Às vezes, (e em Sesimbra já aconteceu) apesar da muita discussão sobre a prioridade para essas pequenas bem feitorias, a verba não chega a ser aplicada na totalidade, nesse ano.

Das reuniões e debates a população aponta normalmente um conjunto de carências, mas das quais a autarquia se defende dizendo que não são suas atribuições, ex: Serviços de Saúde, Escolas secundárias, Lojas do Cidadão, etc. Convertendo-se no entanto em bandeira para reivindicação ao Poder Central,

Ficam algumas dúvidas:

-Se em vez de se auscultar a população sobre o destino a dar a 0,5% do Orçamento. Orçamento Participativo não devia pressupor auscultar a população sobre o destino a dar a todo o orçamento?

-Por outro lado se para decidir sobre a prioridade de algumas passadeiras e abrigos de passageiros, a divisão de transito da autarquia, não tem meios técnicos mais avaliados para o fazer?

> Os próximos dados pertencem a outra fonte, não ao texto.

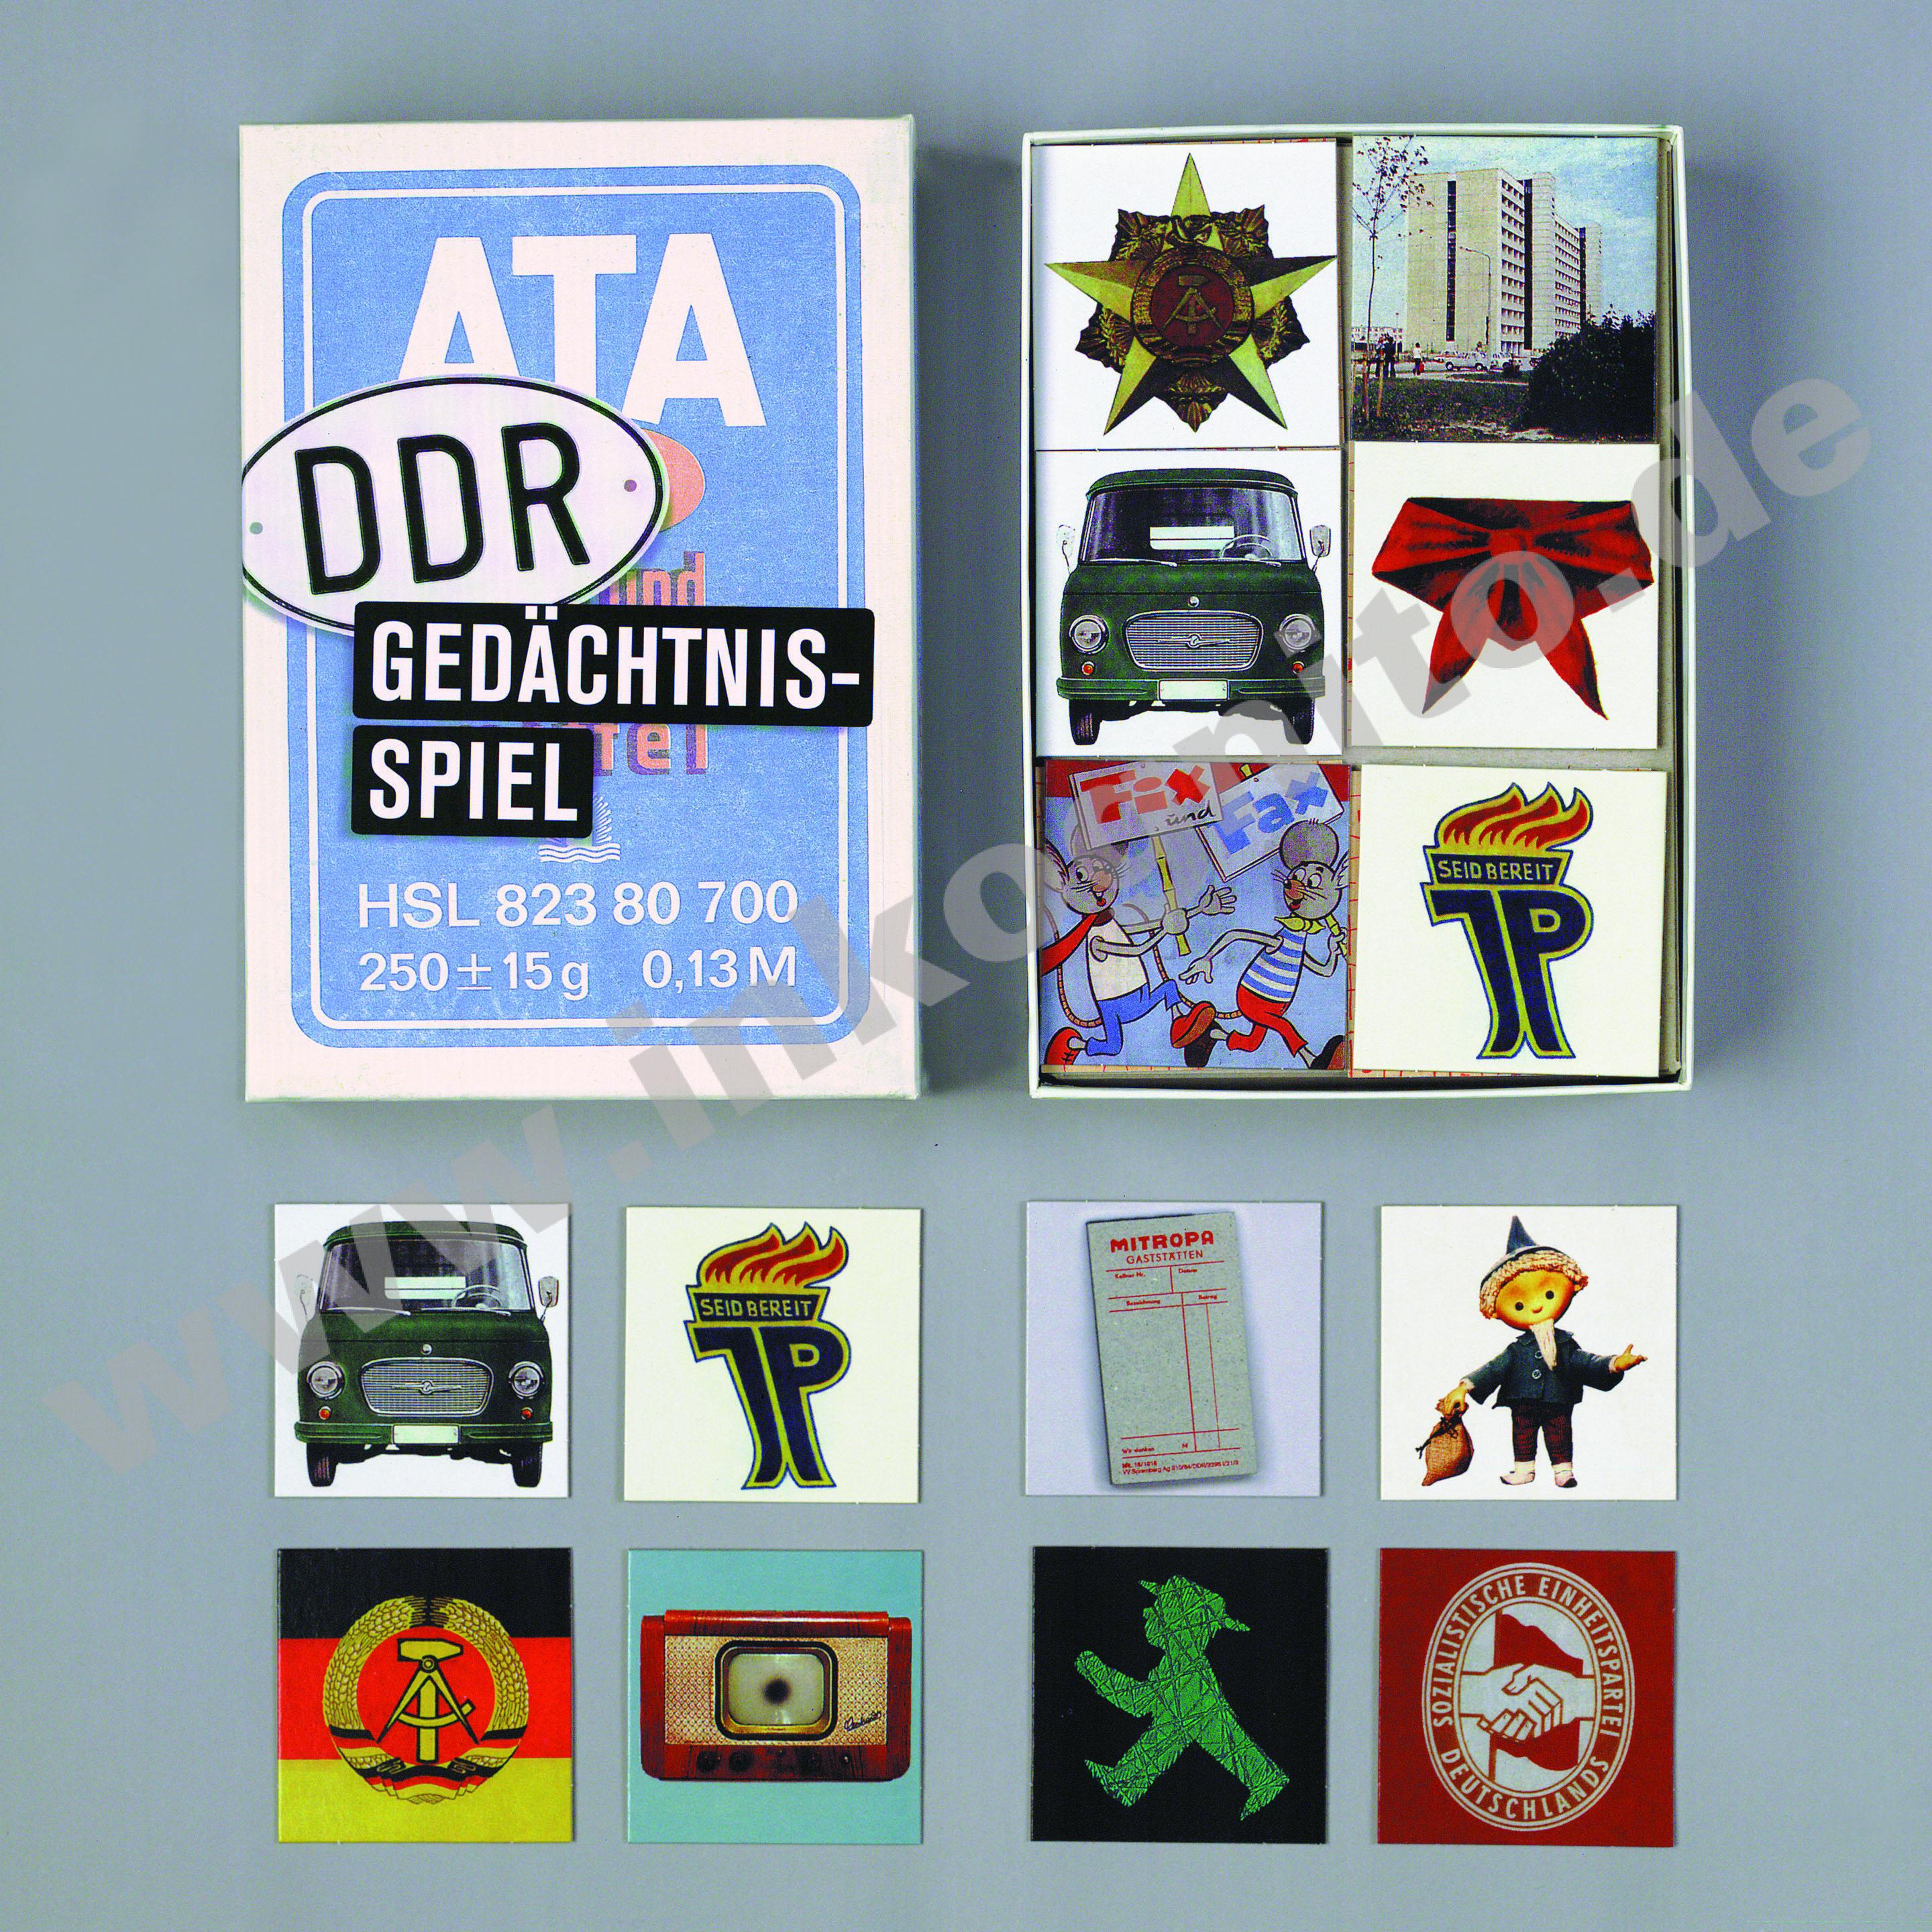 Memo ATA - Das DDR Gedächtnisspiel
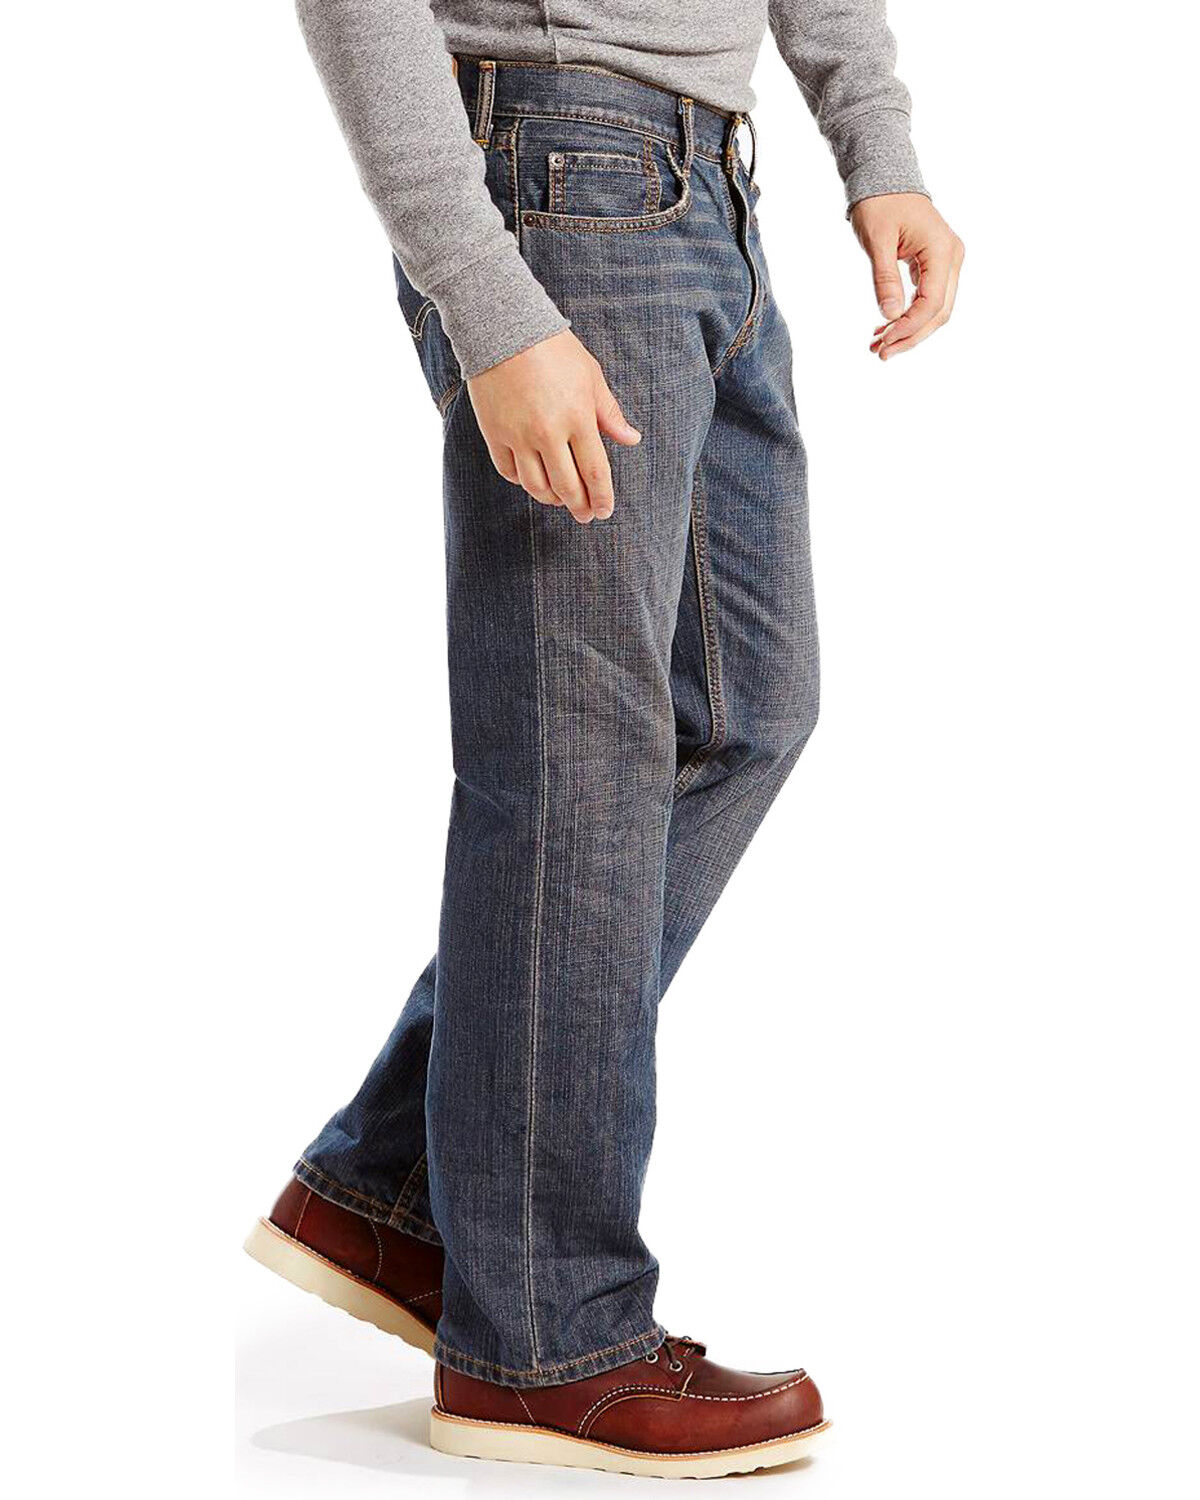 levi's 559 jeans colors

Claro que estas questões orçamentais são sempre complexas e os cidadãos não sabem qual a fatia do orça-mento que é gasta pela máquina administrativa, não são chamados a discutir a sua eficácia, bem como des-conhecem a percentagem que vai ser destinada à educação, ao desporto, à cultura, ao apoio social e às obras.

DEMOCRACIA E INTER-ACÇÃO

Uma intervenção de um sociólogo a que tive acesso recentemente referia que o poder local teve vários estados: A pré-história que foi o período a seguir ao 25 de Abril e que era o abastecimento de água, a cria-ção do saneamento e a construção de estradas; Depois a História que foi a construção de escolas, creches, espaços desportivos e culturais; e a Hera Moderna que vivemos agora e passa pela preocupação com questões ambientais e de estética -Jardins, espaços de lazer, requalificação urbana etc.

Eu acrescentaria que devíamos prosseguir a nossa Hera Moderna da comunicação e da inter-acção voltando ao inicio, no espírito da Constituição de 1976, que é aproximar o Estado dos cidadãos através do poder local, chamar as pessoas a participar através dos mecanismos já existentes e de outros que os autarcas podem criar como fonte inesgotável.